3 thoughts on “Session 6 – Race and Ethnicity

  1. I agree Heather it is interesting that both articles tackle the same issue from different points of view. It is interesting that from the Black male point of view they are seen in a negative light however it seemed acceptable for Josephine Baker to been seen in a positive light. I am assuming this is due to white males seeing black males as a threat to their masculinity as well as their culture whereas it is perfectly fine for them to enjoy the eroticism displayed by Baker for their own desires and pleasure. I was also thinking it could be purely from a sexual point of view, as both articles are, that the very fact that a black male could have sexual relations with many white females and pollute their genetic stock, as Campt puts it in her article, and yet for a black woman, she would not be polluting the stock per se, as in order to conceive, she would only need one white male, to put it bluntly. The point I am trying to make is this may be another reason why black males were seen as more of a threat, the white men would have to deal with the consequences of their culture and society being threatened, whereas they would not have to if it was a black woman.
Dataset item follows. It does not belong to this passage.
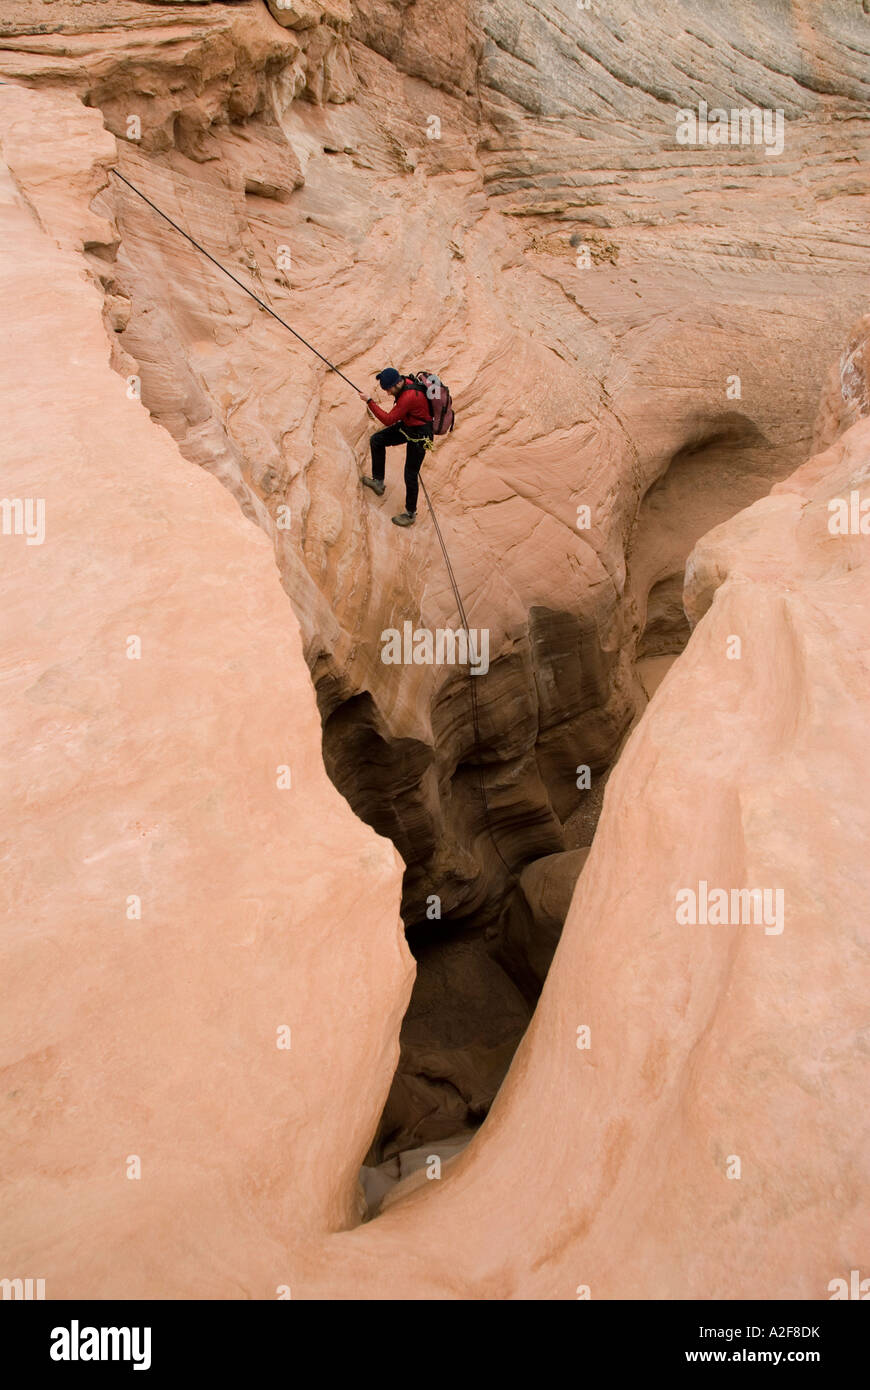 Des activités de l'homme vers le bas dans un canyon, Canyonlands, Utah Banque D'Images

  2. I found both these readings quite tricky, especially Campt but I think you’ve summed them up well Heather.
    From Campt the most notable concept I understood was the German position of victimhood and the idea that the use of black soldiers in an occupying force was seen as a deliberate insult or punishment by the allies.
    As you’ve both mentioned, there is a quite a complicated mixture of race, gender and sexuality in both sources with the idea that Josephine Baker was accepted due to a kind of white colonial master fetish of her male audience, versus the hysteria surrounding the sexual threat of black male soldiers to white women.

    I know what you mean Siobhan, its like the representation of the nation through women, the mothers, and the fear that German racial purity is under threat. Whereas in France, with Josephine Baker there was no threat, only entertainment/arousal still with a sense of superiority over the primitivism and “slave girl chic” as Sweeney called it.

  3. Thanks, Heather – these readings are difficult and you’ve done a good job here. There are some interesting points of commonality and comparison coming out here, which I think are very important, particularly the emphasis on gender. One thing that we can probe here, but which I’d like to discuss in the seminar, is how we approach the degree of ‘agency’ and empowerment of Baker, even as she was exploited/exploited herself.

    I think Siobhan’s point about gender/sexuality and the idea of passive/active (which I think is a different way of putting it) is important: because, to use the ideas of the 1920s, women were passive and victims, their sexuality was perceived to be much less threatening.

    As Neil points out, both of the articles point to the difficulties and contradictions in attitudes towards race in this (and any?) period -a combination of fear, hatred, desire, exoticism… I wonder if we can define the relationships between them more clearly.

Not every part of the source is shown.